Po ogromie pracy, związanej ze skupionym odsłuchem pełnego wymiaru Genesis, czas na dokonanie bliźniaczej
czynności, związanej z najnowszą solową płytą Evansa, zatytułowaną Lifeblood
(More Is More Records, 2016; usb drive: pliki waves). Nagrania koncertowe
z lat 2015 i 2016 dostępne są m.in. na karcie pamięci (wiem, że muzyk
sprzedawał ją osobiście na koncertach w USA; nie wiem, czy jest dostępna w
naszej części świata), a trwają łącznie 110 minut. Do naszych uszu
trafia trzynaście fragmentów z dwóch incydentów koncertowych. Dwa z nich są
rozbudowanymi improwizacjami – pierwsza, tytułowa, trwa 27 minut i jest zapisem
tegorocznego, kwietniowego koncertu w Cleveland, zaś finałowa - Prophets (w trzech częściach, ale
stanowiących jeden, nieprzerwany ciąg dźwięków, trwająca prawie 40 minut) - to zapis zeszłorocznego koncertu w Roulette.
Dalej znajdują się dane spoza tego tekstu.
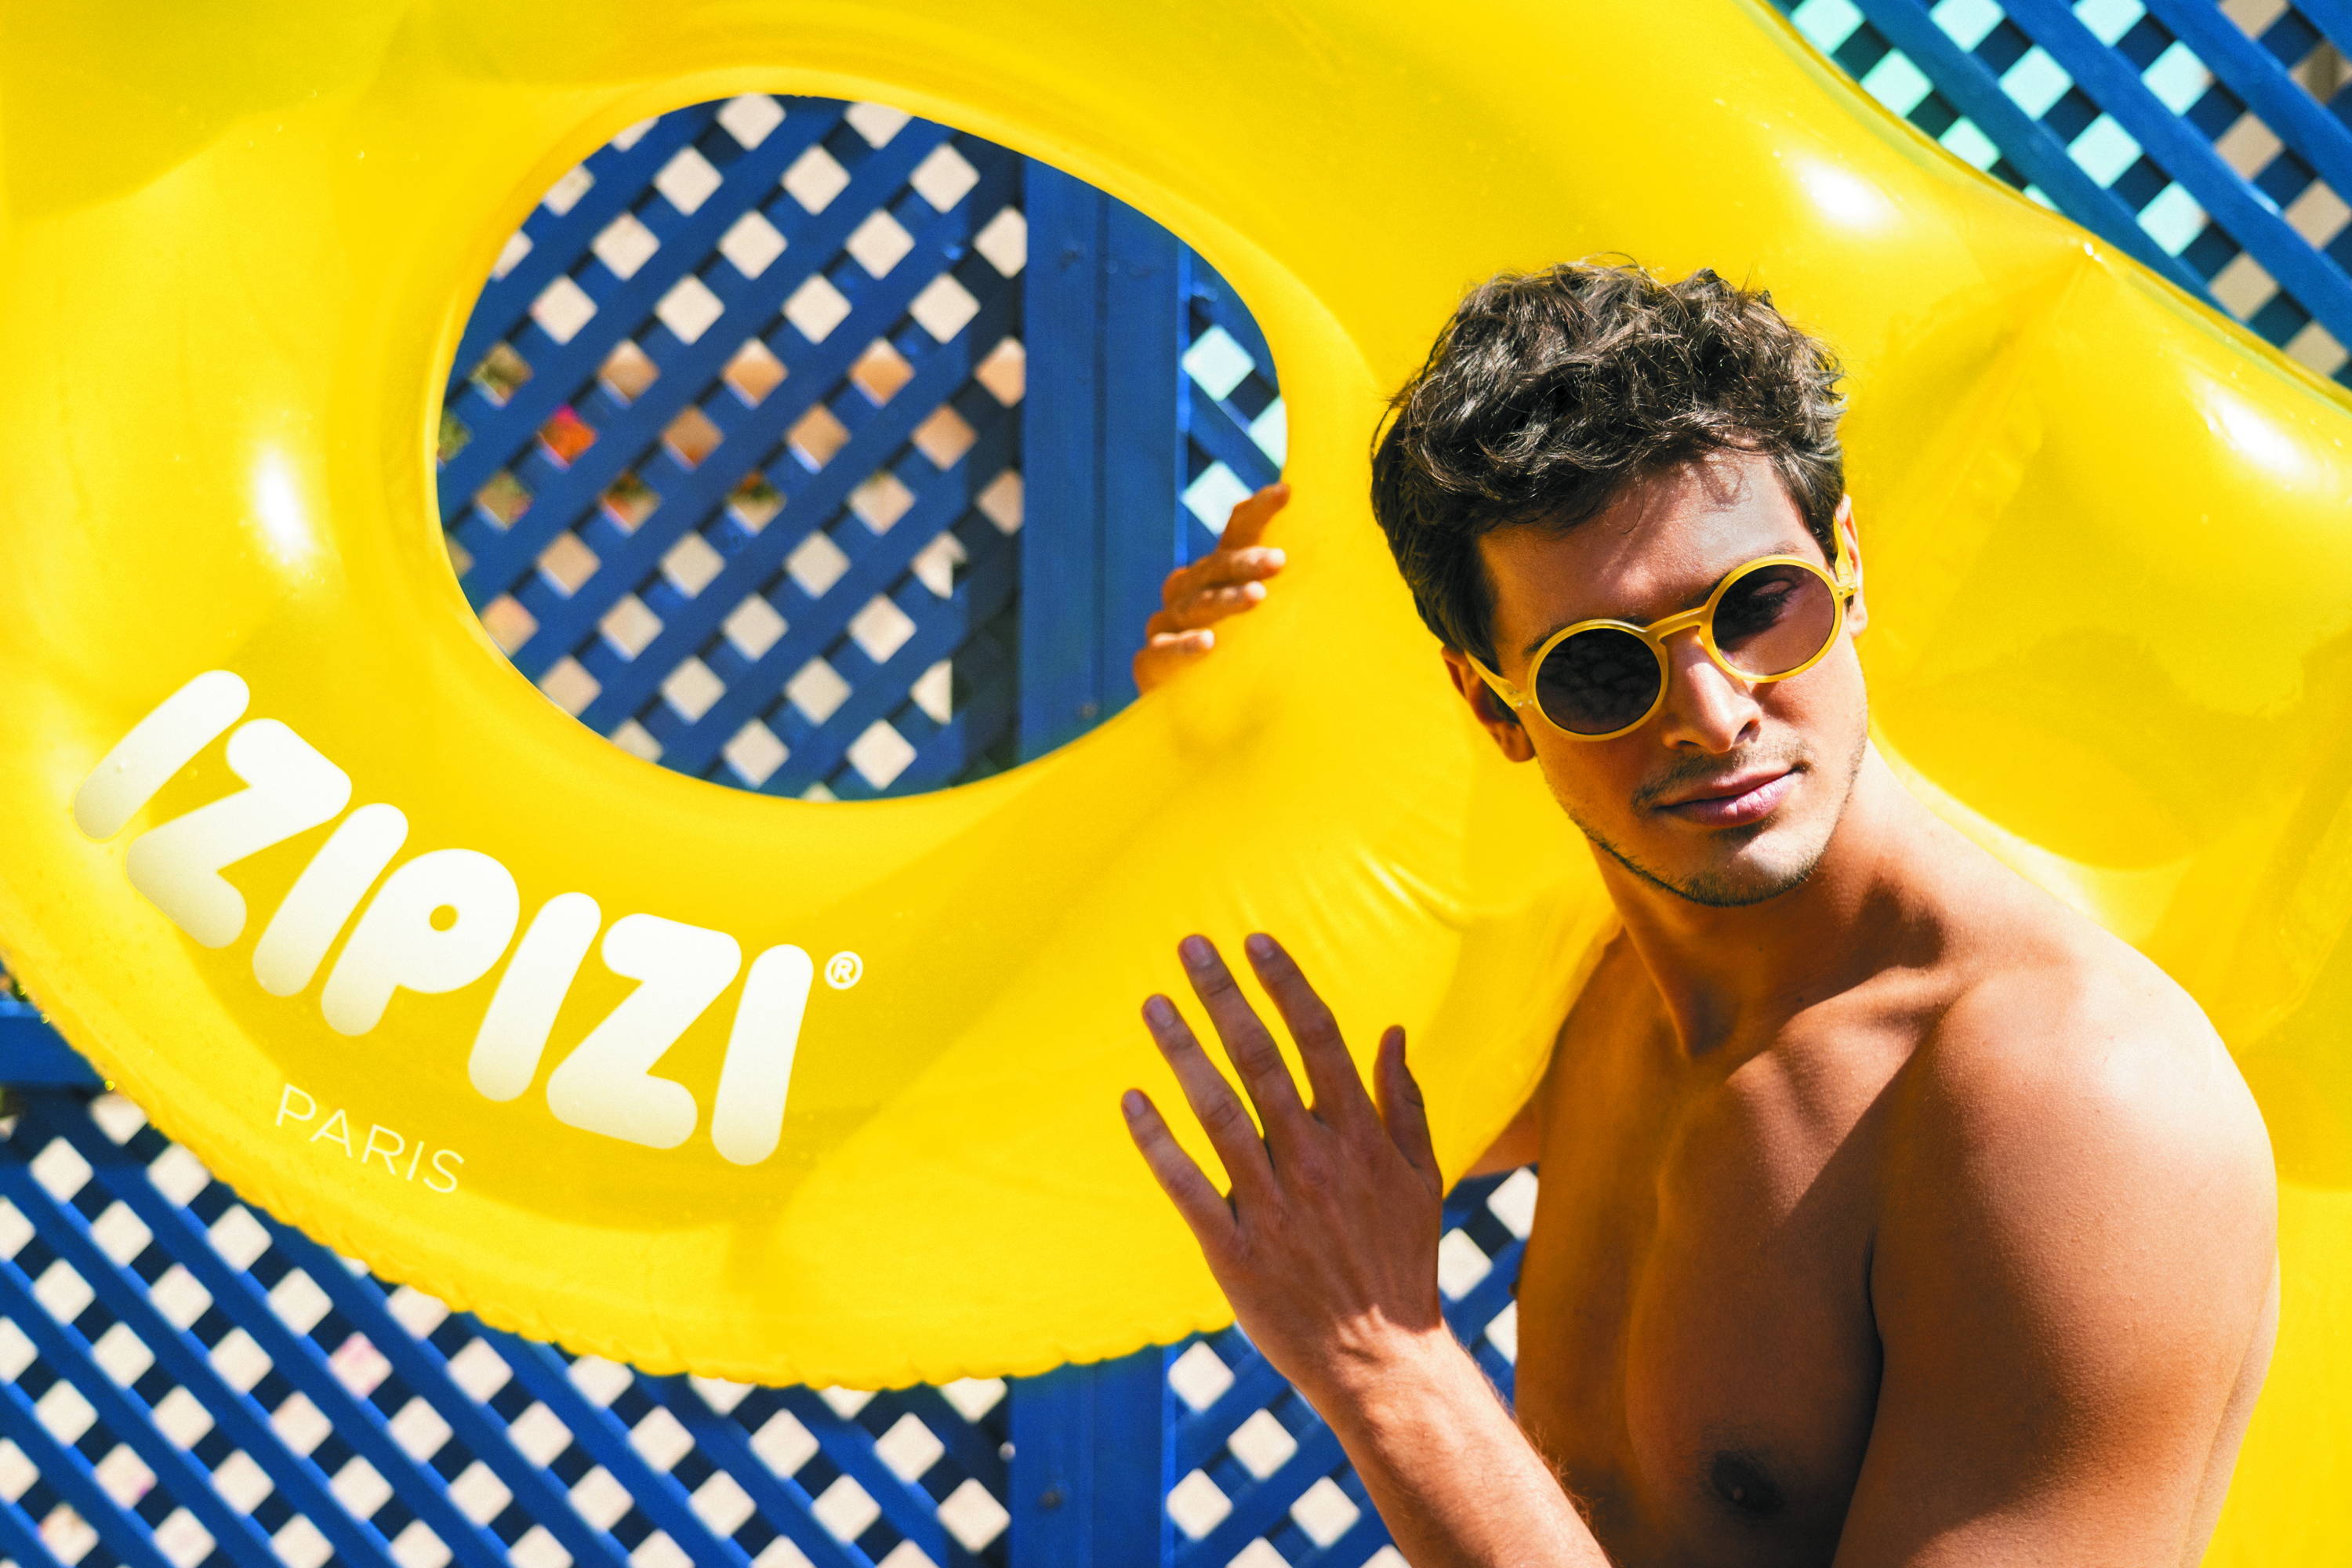 IZIPIZI x Sunnylife Collaboration Sunglasses Pool Floats
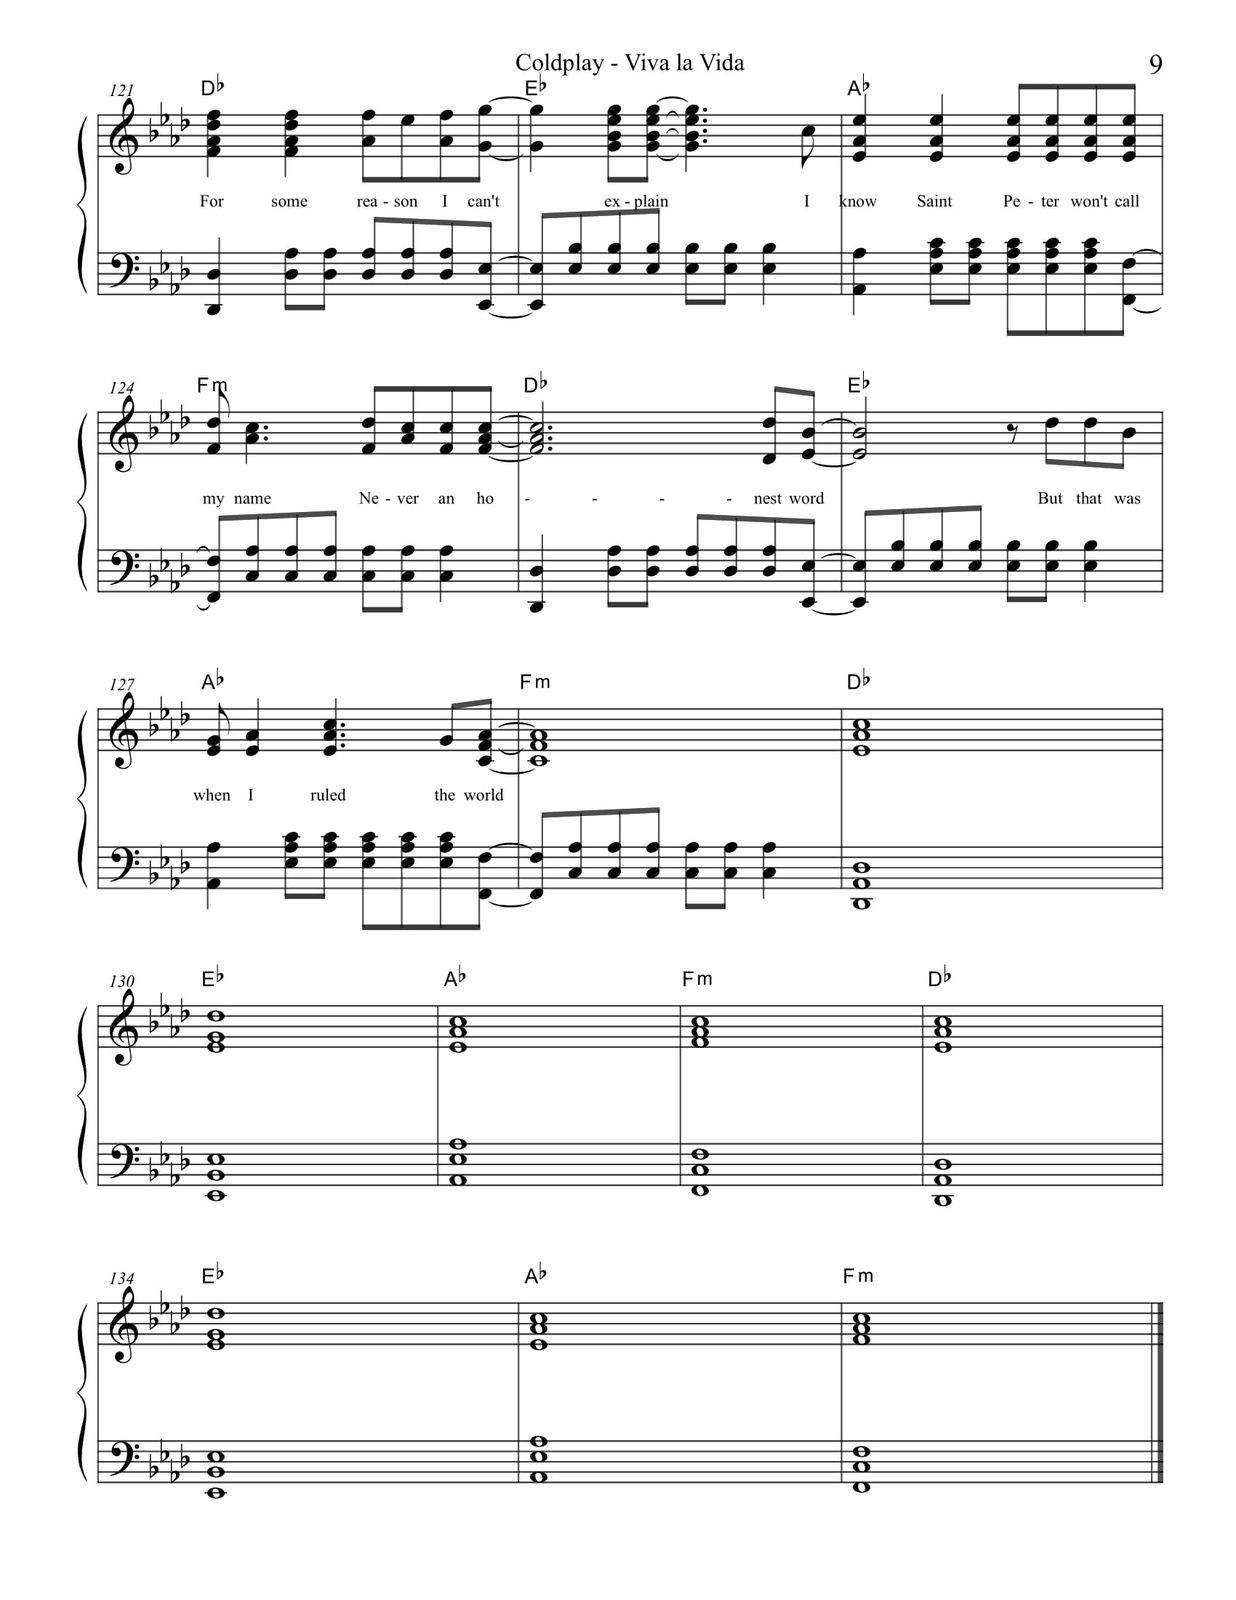 James Dyson Huelga congelador Partitura Para Piano "Viva La Vida" | Coldplay - Las Notas De Nana

Pozostałe fragmenty opatrzone tytułami, są nieco krótszymi interwałami
czasowymi, a pochodzą z obu tych okoliczności koncertowych
Wszelkie epitety, jakimi obdarzona została osoba amerykańskiego trębacza w recenzji poprzedniej płyty, zachowują na Lifeblood rację bytu. Jest nasz ulubiony barokowy przepych, jest popisowa, bardzo
zaawansowana technicznie gra na skromnym instrumencie dętym, blaszanym. Wykaz
rozszerzonych technik artykulacyjnych, stosowanych przez Evansa, wypełniłby po
brzegi serwery tego bloga. Nie brakuje konwulsyjnej energii, iskrzących się
emocji, a także ciężkiej, tytanicznej pracy na scenie. Evans gra akustycznie,
ale dźwięk jego instrumentu bywa delikatnie wzmacniany, dodatkowo dociera do
nas na pogłosie, który interesująco podkreśla ekspresyjność muzycznego przekazu.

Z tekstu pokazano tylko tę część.